WHAT IS REQUIRED:
The data should be written out in full, exactly as it stands, and the pictures dropped.

INFORMATION SHOWN:
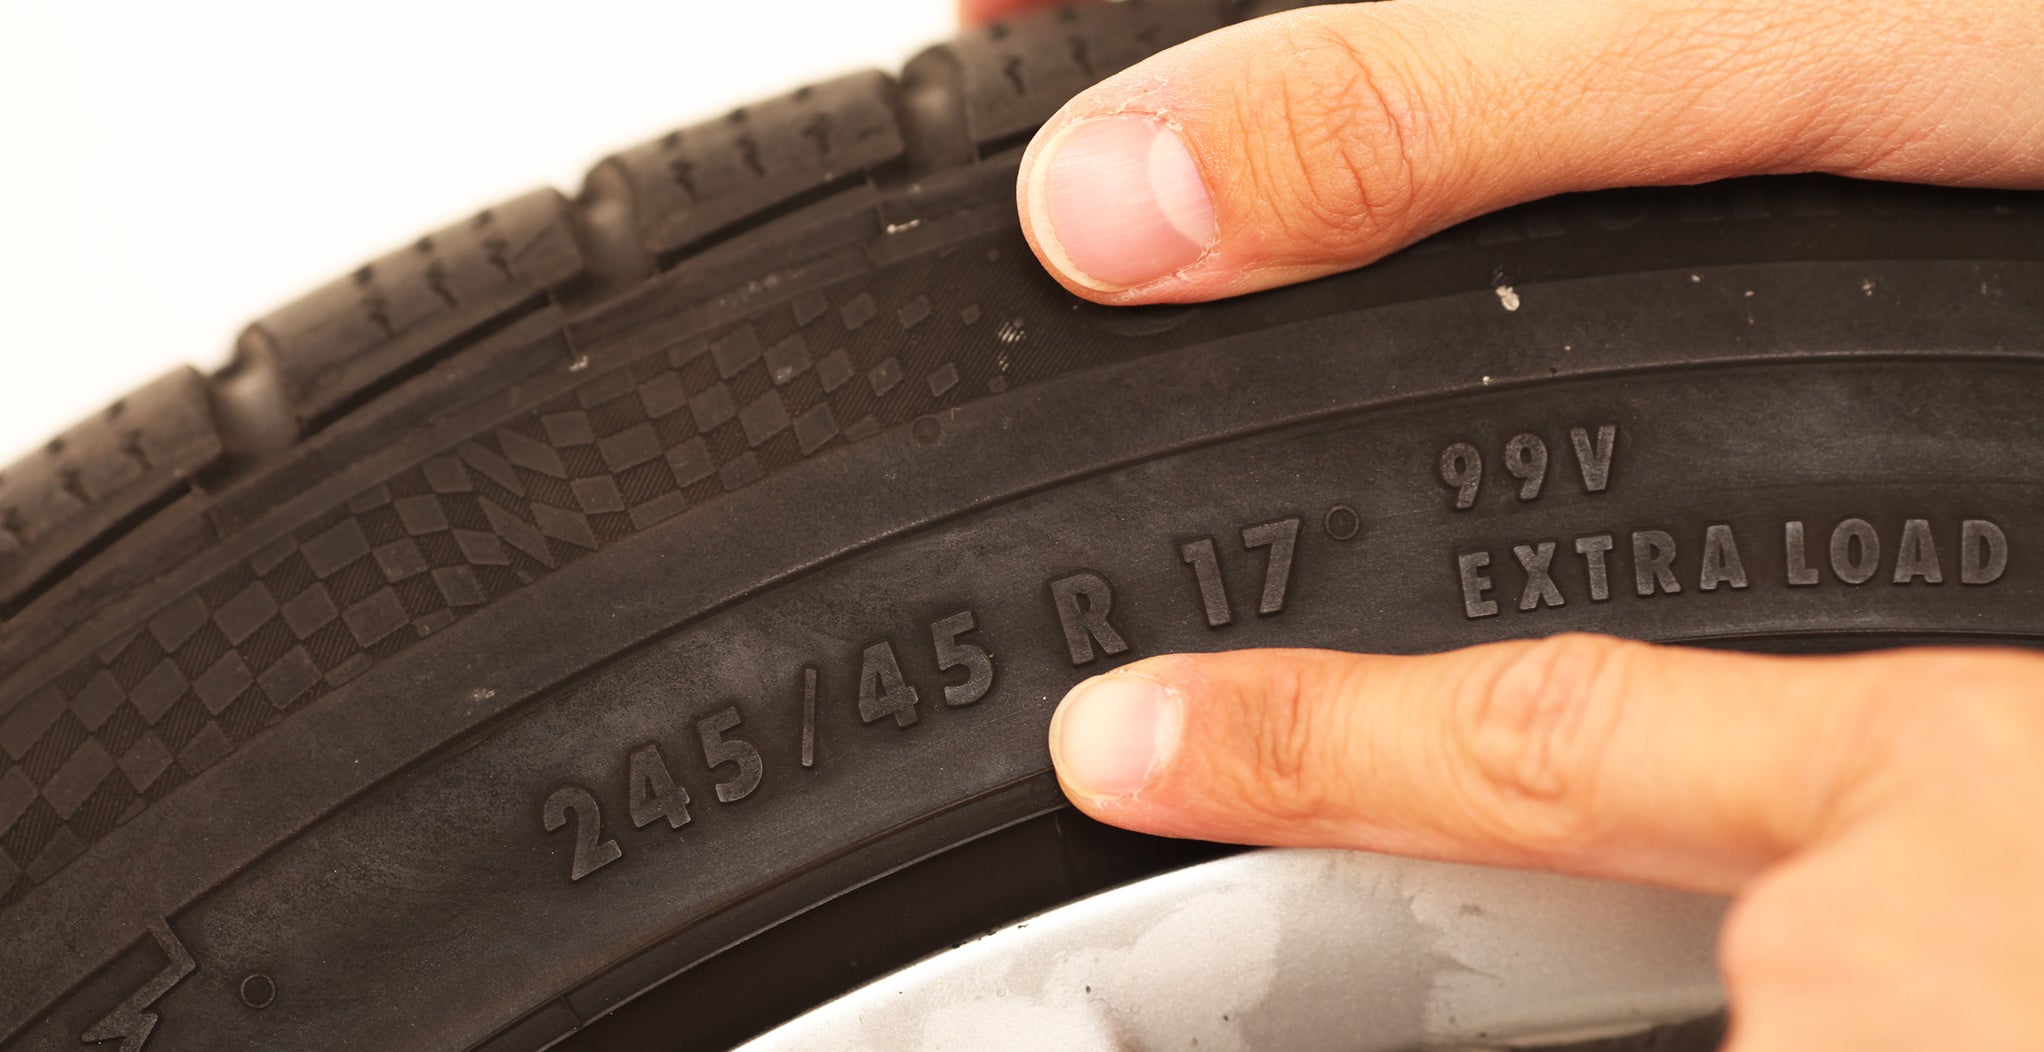 Buying Tires Guide: What Do the Tire Numbers Mean?
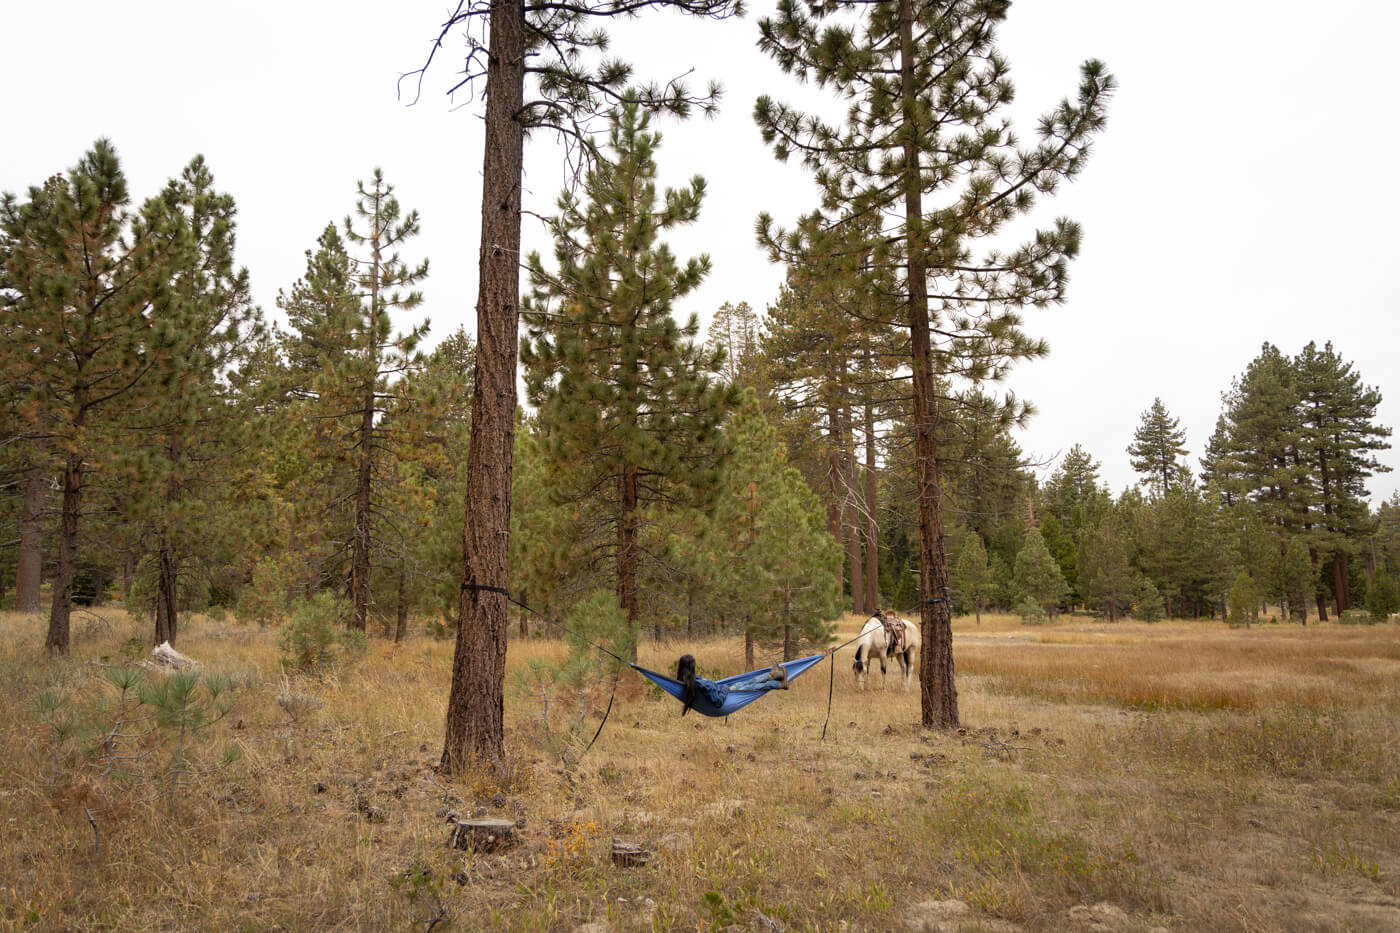 A woman lays in her ENO DoubleNest hammock between two trees while her horse grazes in the distance
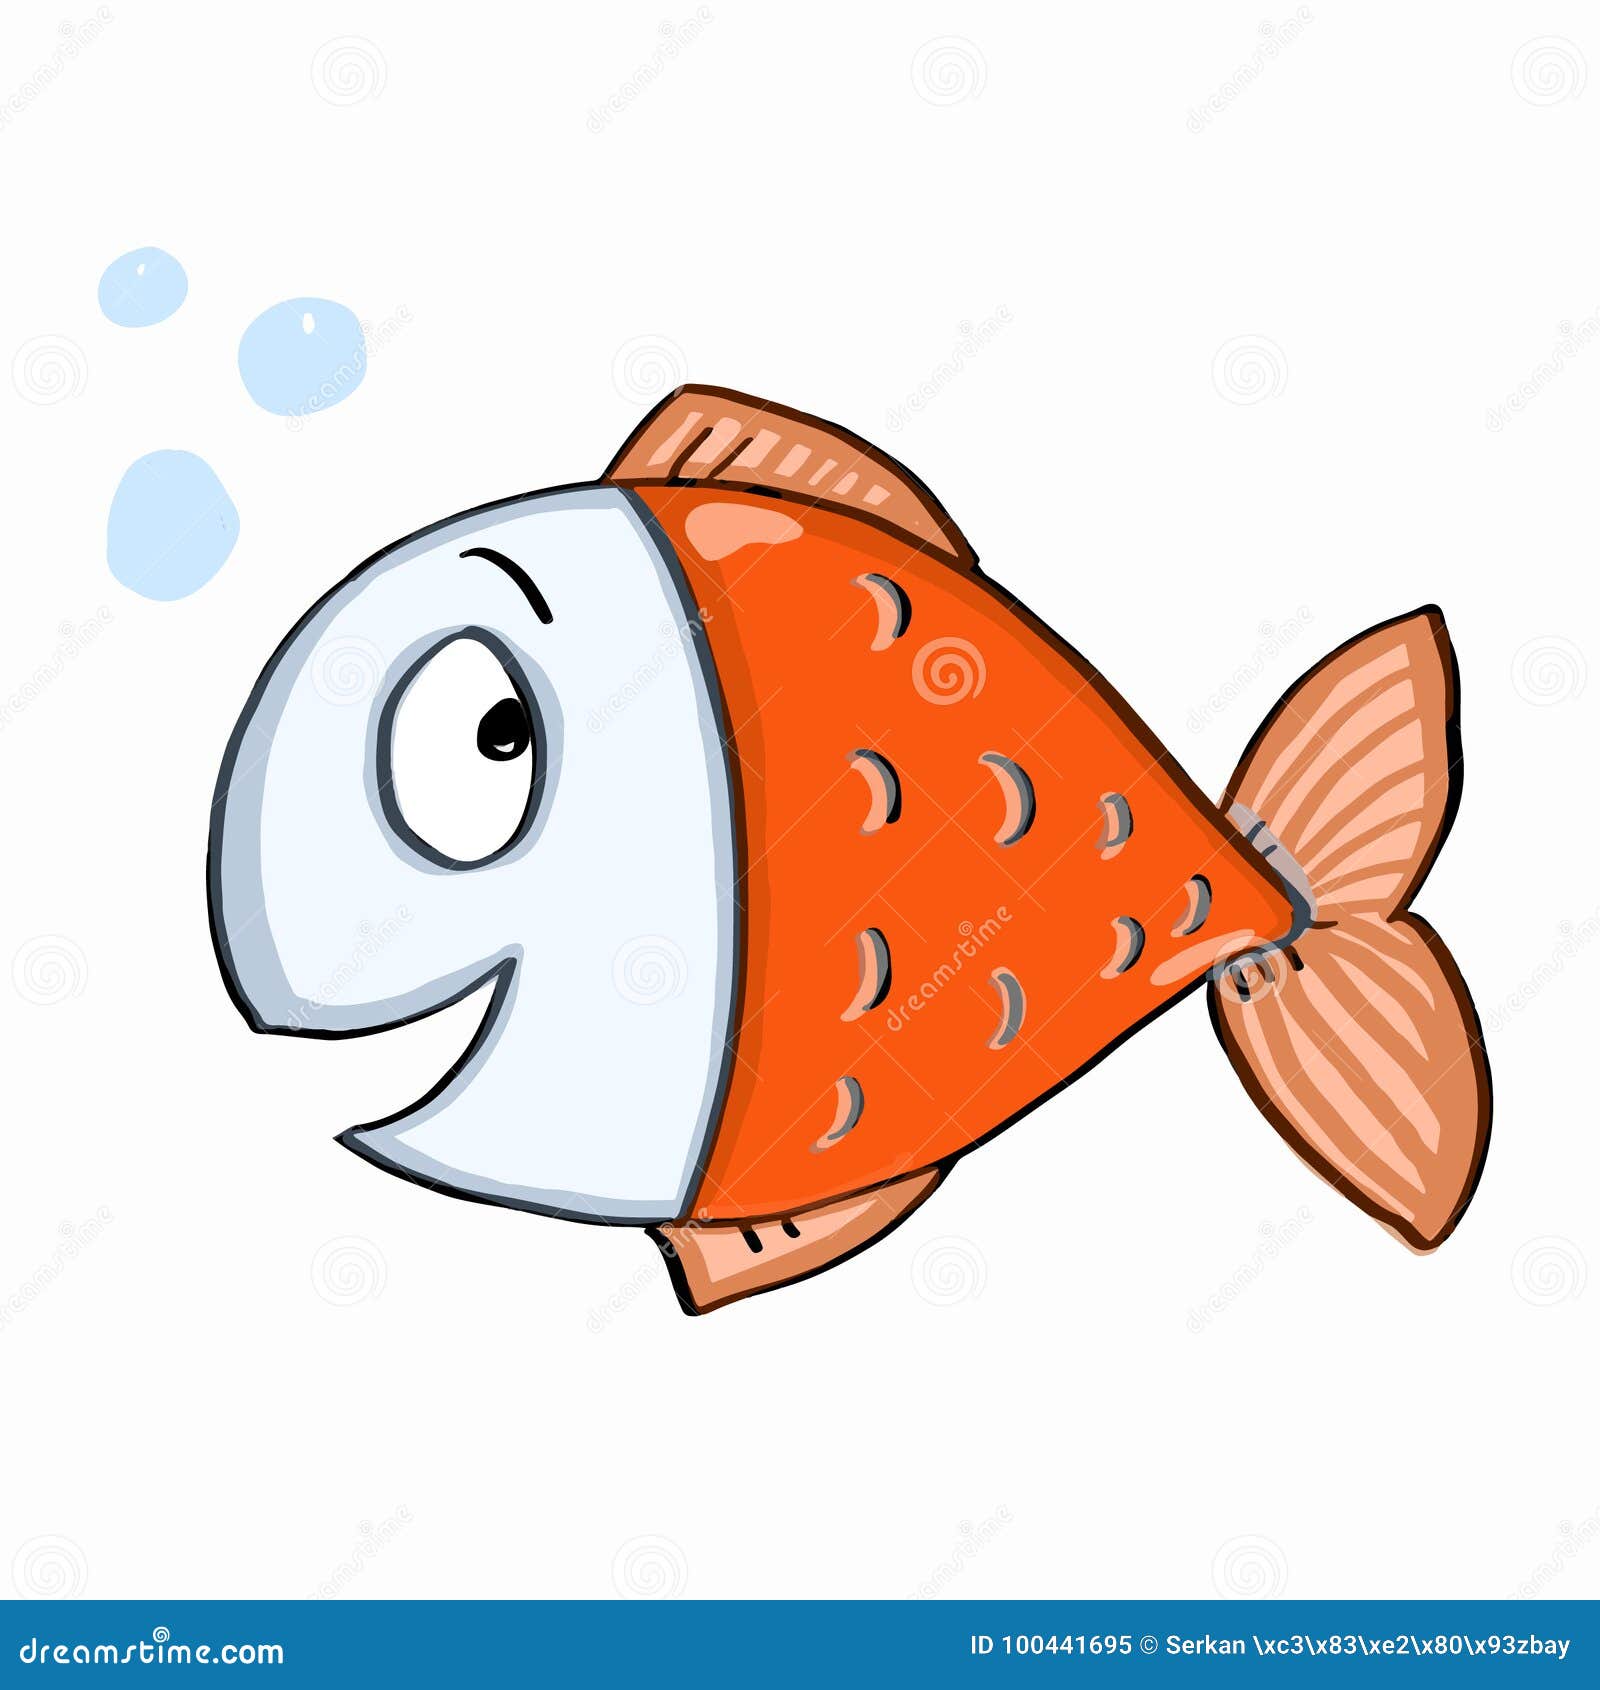 Fish coloring pages to print - Pisces Kids Coloring Pages

RESULT FOR THIS EXERCISE:
 Buying Tires Guide: What Do the Tire Numbers Mean?
 A woman lays in her ENO DoubleNest hammock between two trees while her horse grazes in the distance
 Fish coloring pages to print - Pisces Kids Coloring Pages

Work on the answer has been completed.